Sans conviction, il porte le récipient à sa bouche, et goûte le café du bout des lèvres. Froid. Il fallait s'y attendre. La tasse retrouve sa place initiale, sur la nappe immaculée.

« A mon avis, reprend l'autre, c'était une idée stupide de leur part de se pointer ici. Ils devaient pas savoir que c'est sur cette île qu'on a le plus de forces, peut-être... Ils vont se faire écrabouiller, et on verra s'ils tiennent longtemps avant de rentrer chez eux.
— Probablement, lâche le chef d'état-major d'une voix atone, dénuée de toute inflexion.
— Ils auraient dû éviter de nous sous-estimer, voilà tout. Après la fessée qu'ils ont pris sur Poni, ça m'étonne qu'ils aient eu les couilles de revenir. »

Le grand brun ne peut que partager son opinion, cette fois. Brighton et Emerson ont mené efficacement la bataille sur les côtes de Poni, et ont administré une raclée mémorable aux forces kantonaises, en plus de faire plusieurs prisonniers.

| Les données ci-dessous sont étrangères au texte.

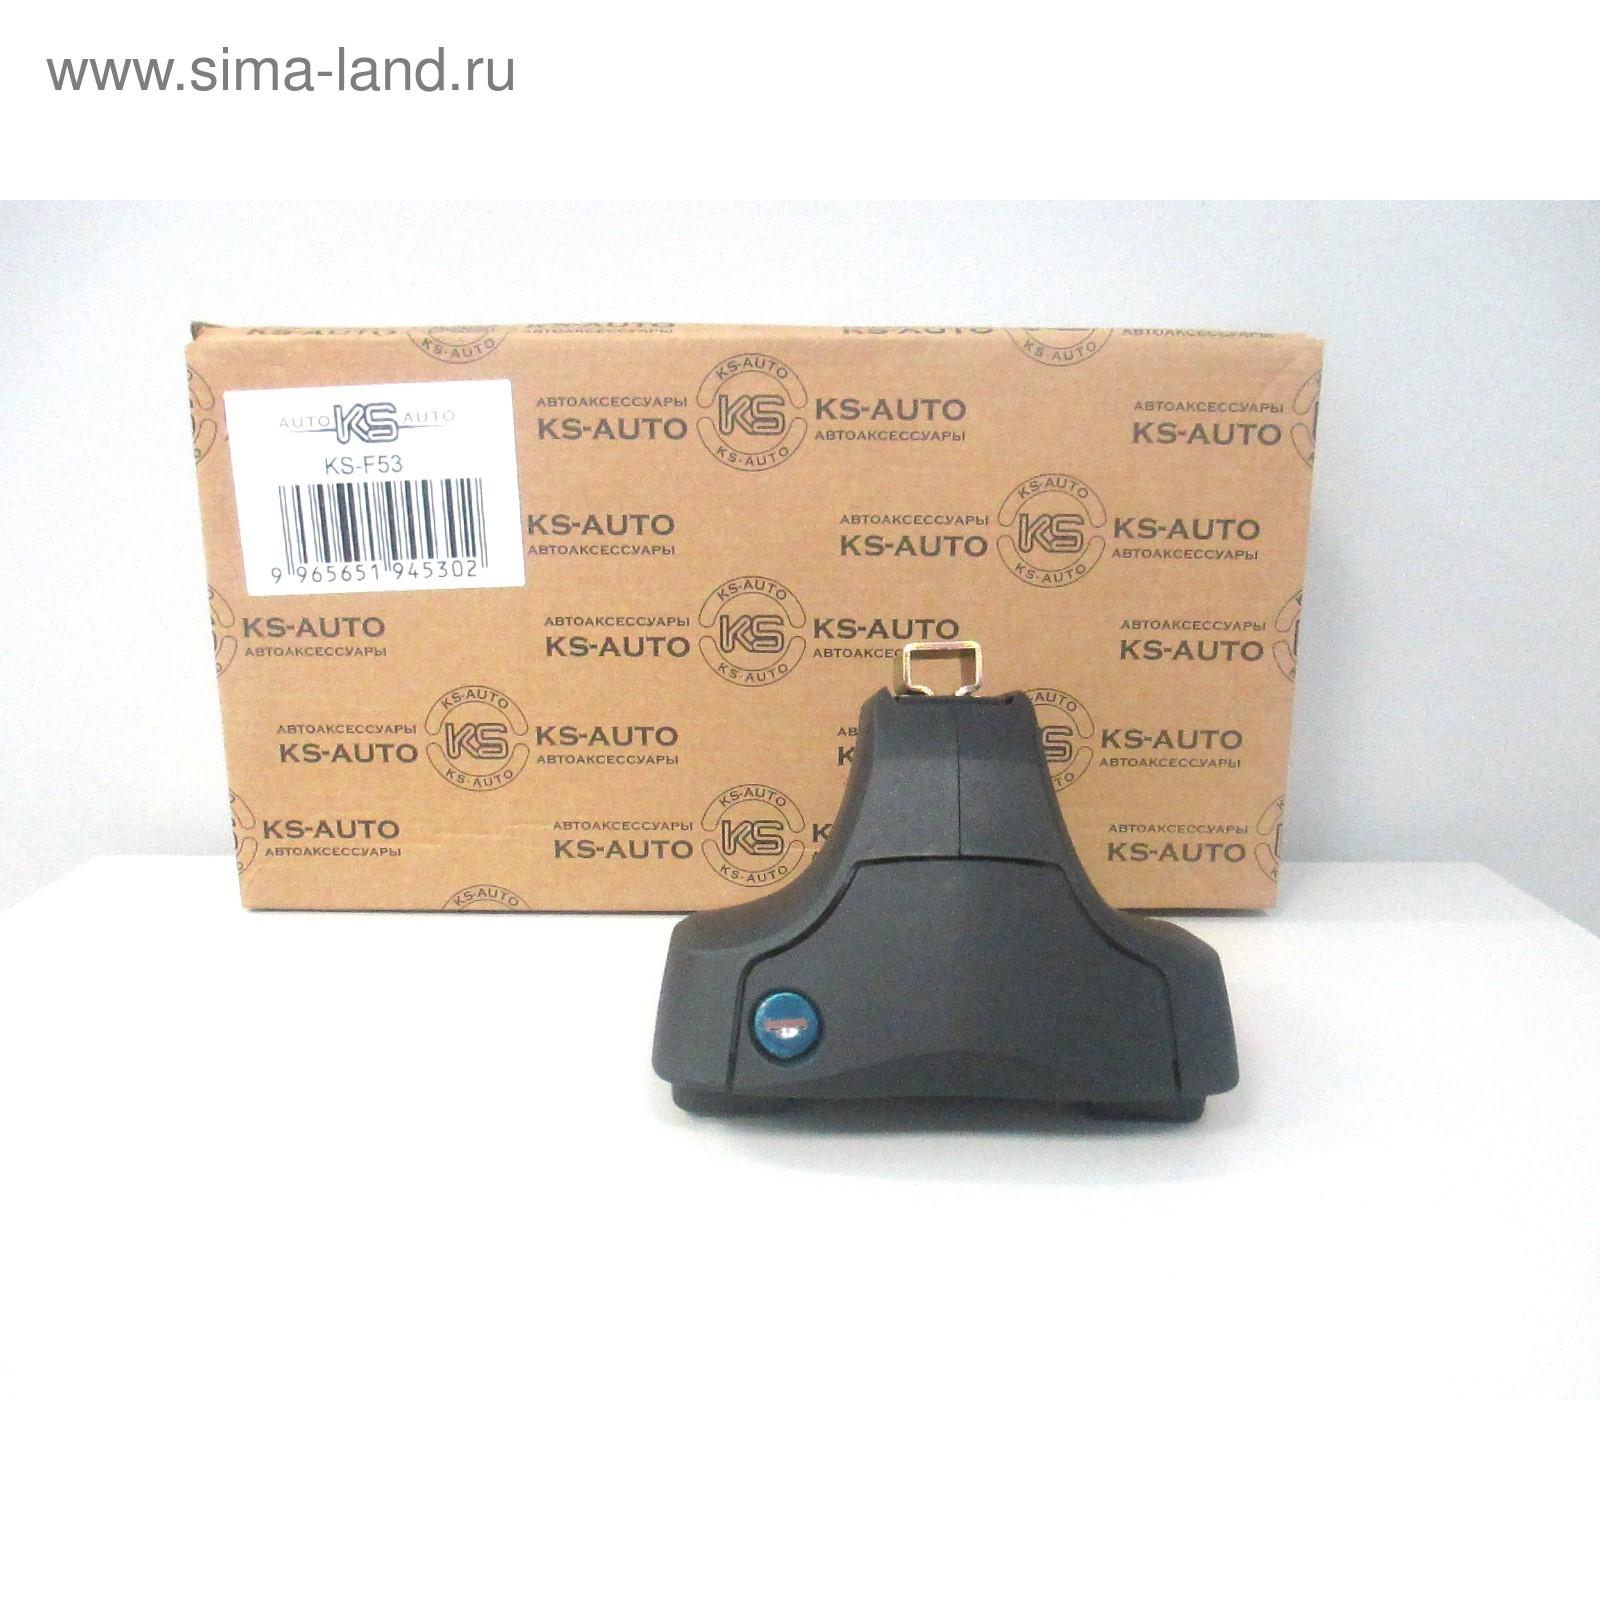 Набор базового крепления поперечных перекладин KS-F53, для автомобилей без  рейлингов и мест установки 53218768596

En comparaison, le nombre de victimes unysiennes a été ridiculement bas. Et pourtant... Pourtant, ça n'a pas l'air de leur suffire. Ils veulent continuer à en découdre, et sortent maintenant les grands moyens.

Pourquoi ?

Pourquoi attendre pour agir avec plus de précaution, tout en continuant à n'organiser que des attaques de front ? Jackson est bien forcé de s'avouer totalement perdu face à un tel manque de bon sens. L'ennemi n'a-t-il jamais suivi de cours théoriques sur la stratégie ?

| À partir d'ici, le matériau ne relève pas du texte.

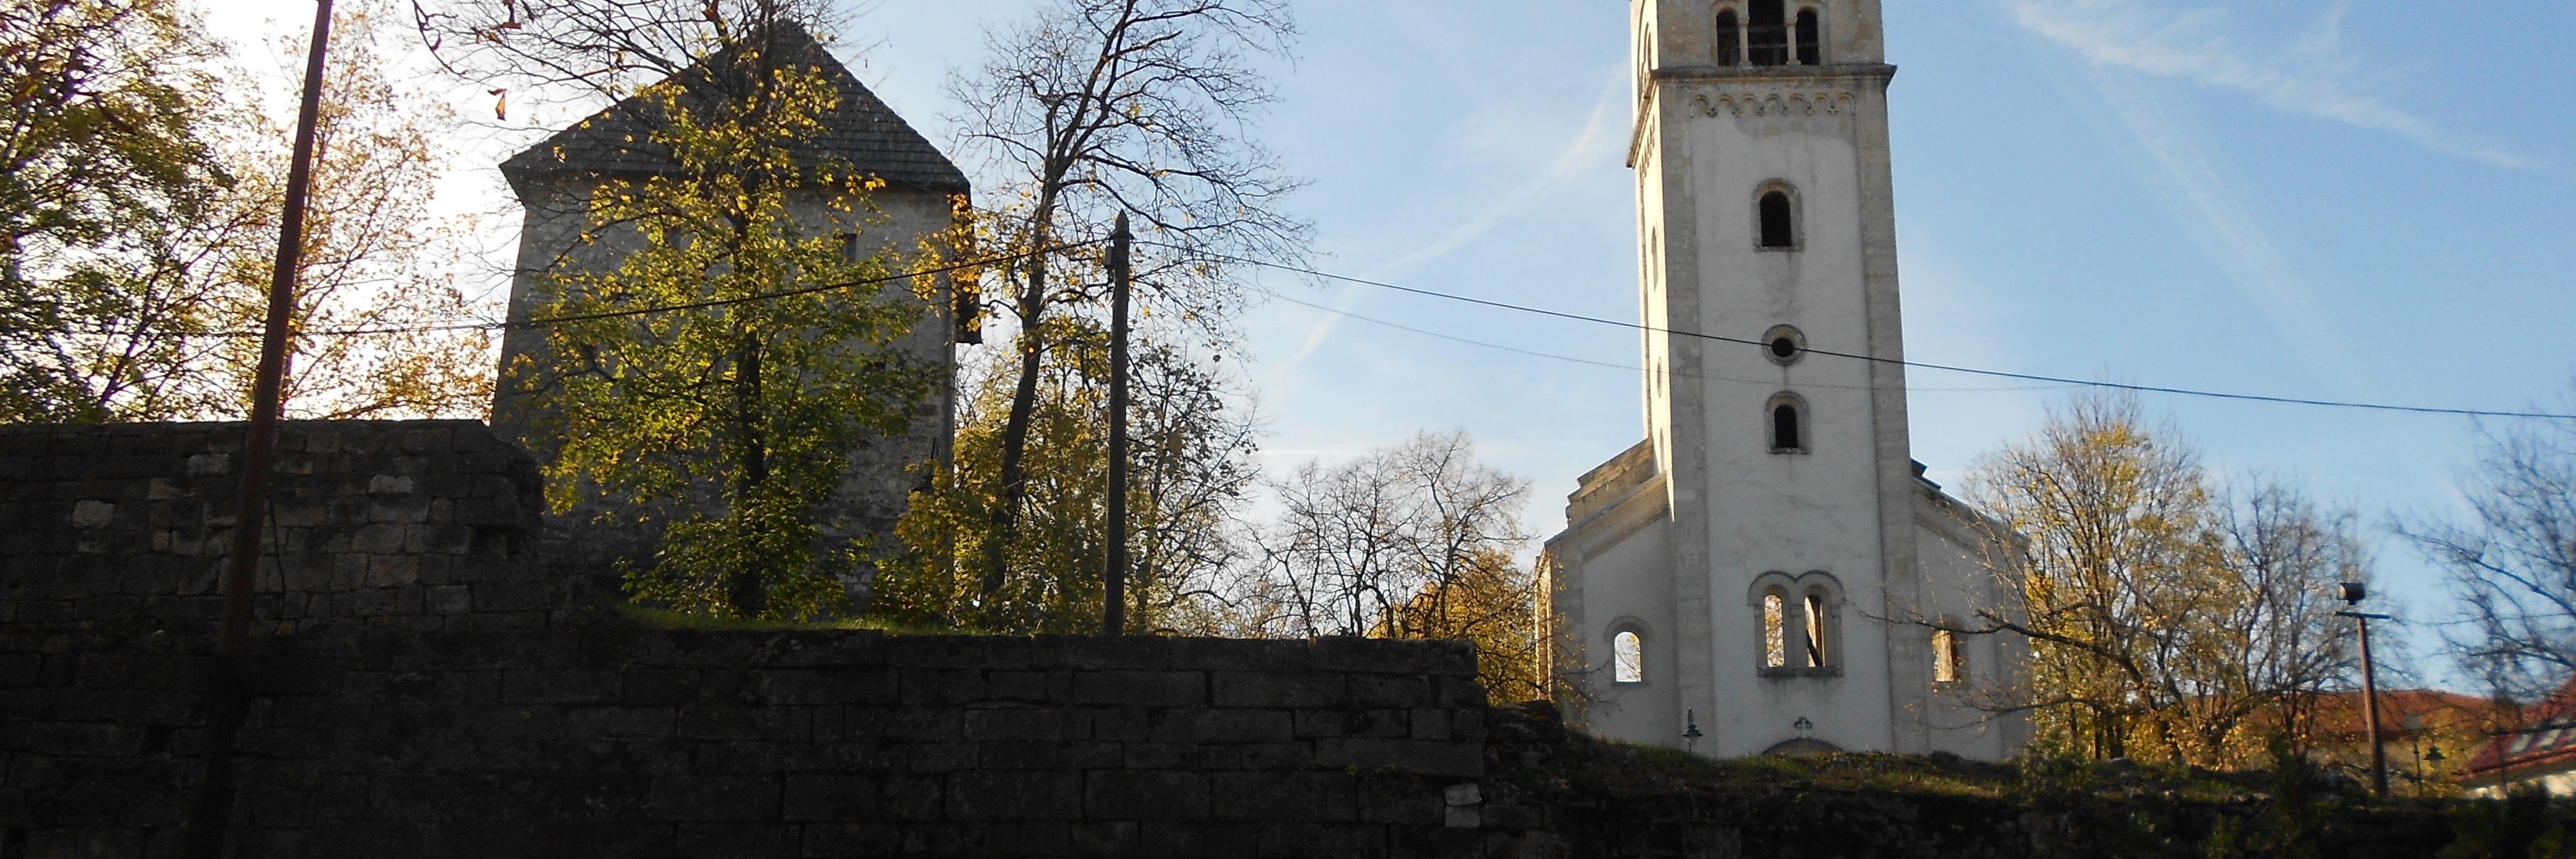 Церковь св. Анте  в Бихаче

Ils devraient probablement jouer plus souvent aux échecs, ça leur mettrait les yeux en face des trous.

« On dirait que ça s'est calmé, lance soudain le type en se levant brusquement. Peut-être que c'est fini, maintenant... »

Le général se lève à son tour, le corps engourdi par tant de temps passé à ne rien faire. Maladroitement, il bute contre l'un des pieds de la table, qui tremble légèrement. Heureusement, elle ne tombe pas.

Il n'y a que la tasse qui s'est renversée, laissant couler un ruisseau noir sur le tissu blanc de la nappe. Tant pis.